The Company behind 3D interior representations of the new U.S. Head of State aircraft ‘Air Force One’, and its helicopter sibling ‘Marine One’ is experiencing demand from airlines for interior modelling services.
Miami-based virtual reality studio 3D Viz has become a specialist in rendering VIP aircraft interiors ahead of completion projects – and now wants to expand this activity to the commercial aviation sector.
As reported by FlightGlobal, the companies president Juan Pablo Magnano told FlightGlobal at the Aircraft Interiors Expo on 3 April that 3D Viz has been involved in the completion of the Dutch royal family’s Boeing BBJ 737, alongside other VIP projects for customers in the Middle East, and the U.S. Head of State design projects.
3D Viz president Magnano expects about half of the company’s commercial aviation business to be generated by airline cabin retrofit programmes, with the balance to come from line-fit projects as carriers aim to differentiate their aircraft from competitors.
Comment:
The traditional method for customers purchasing a custom VIP aircraft interior would be to pay for a physical mock-up of the interior in order to visualize the space; along with design renders to provide design context to the mock-up – and selection of colors, fabrics and materials.
The mock-up would be in most cases manufactured out of wood to size and painted in white (but not in all cases) – you can imagine the space required for a widebody aircraft such as for an aircraft the Boeing 747, 777, or the Airbus A330 to assemble such interior spaces.
However, as technology significantly developed over the past 5-10 years, and certainly since the likes of the last Air Force Once were designed and completed we now ask clients if they wouldn’t mind wearing a headset as they walk, or even ‘fly’ through their aircraft interior and visualize the whole computer-generated interior as if completed.
This provides clients a fully immersive experience which in-turn benefits by feeding more advanced and concise design conversation during the upfront design process.
The benefits don’t stop there, they are in fact several fold; ranging from a client that is fully bought into his or her requirements and the final design selection, to in-turn the information feeding better completion contracts and all-party agreement and buy-in to final design.
Due to the advancement in design detail and space, completion contracts can be more descriptively concise in referencing specification – and very importantly for a successful completion project we can also achieve a selected completion center, client, designer and owner representative project team that are all bought into the final design concept, since it is much more visual and removes much of the assumption through interpretation of design.
By improving design to a more concise upfront specification and agreement of contract provides a further benefit post contract signature and that is the reduction in change.
There are two categories of change; customer born change and contractor change.
Contractor change (completion center and their subcontractors) through rework, or methodology requirements in order to manufacture and install the interior components, monuments, materials and equipment.

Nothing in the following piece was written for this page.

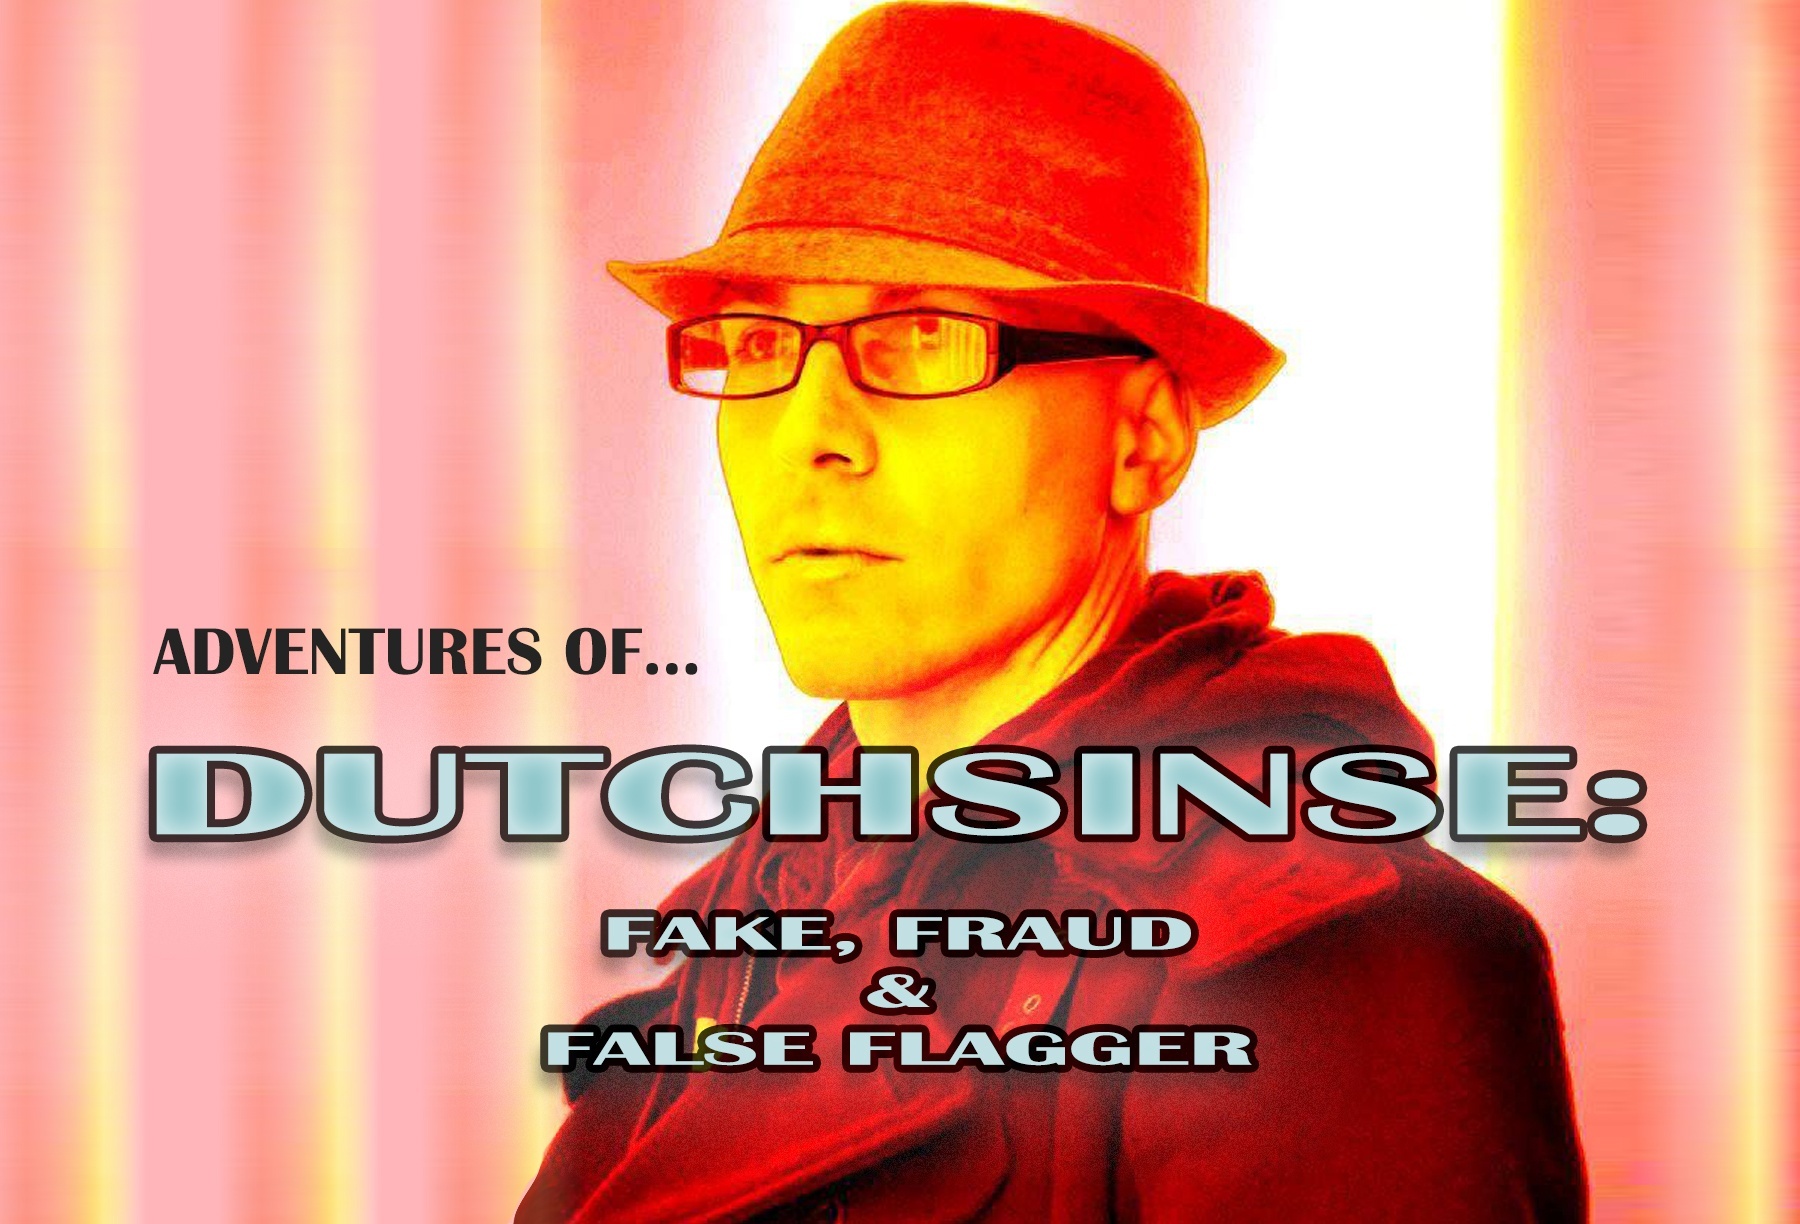 Michael Yury Janitch is the fake, fraud false flagger Dutchsinse!

Clients who are ether forced to, or willingly change their mind about part, or the whole interior design concept.
Change negatively impacts a project, and not just in the completion industry, but any project through time delay, and cost increases – unless of course a significant opportunity can be capitalized upon. Therefore, by driving more concise upfront design and achieving all party buy-in 3D design visualization significantly reduces opportunity for misinterpretation during manufacture and completion, and in-turn the reduction of change which can only assist projects being delivered on-time, to specification and budget.
3D modelling and visualization is therefore benefiting the completion industry in many ways and leads for much happier clients who are bought into the design and expectantly await their completed custom aircraft from the completion center.
Airlines can benefit in much the same way and many of us would welcome innovation in the commercial cabin as we make those long-haul flights on vacation or business to deliver more custom jet aircraft for clients!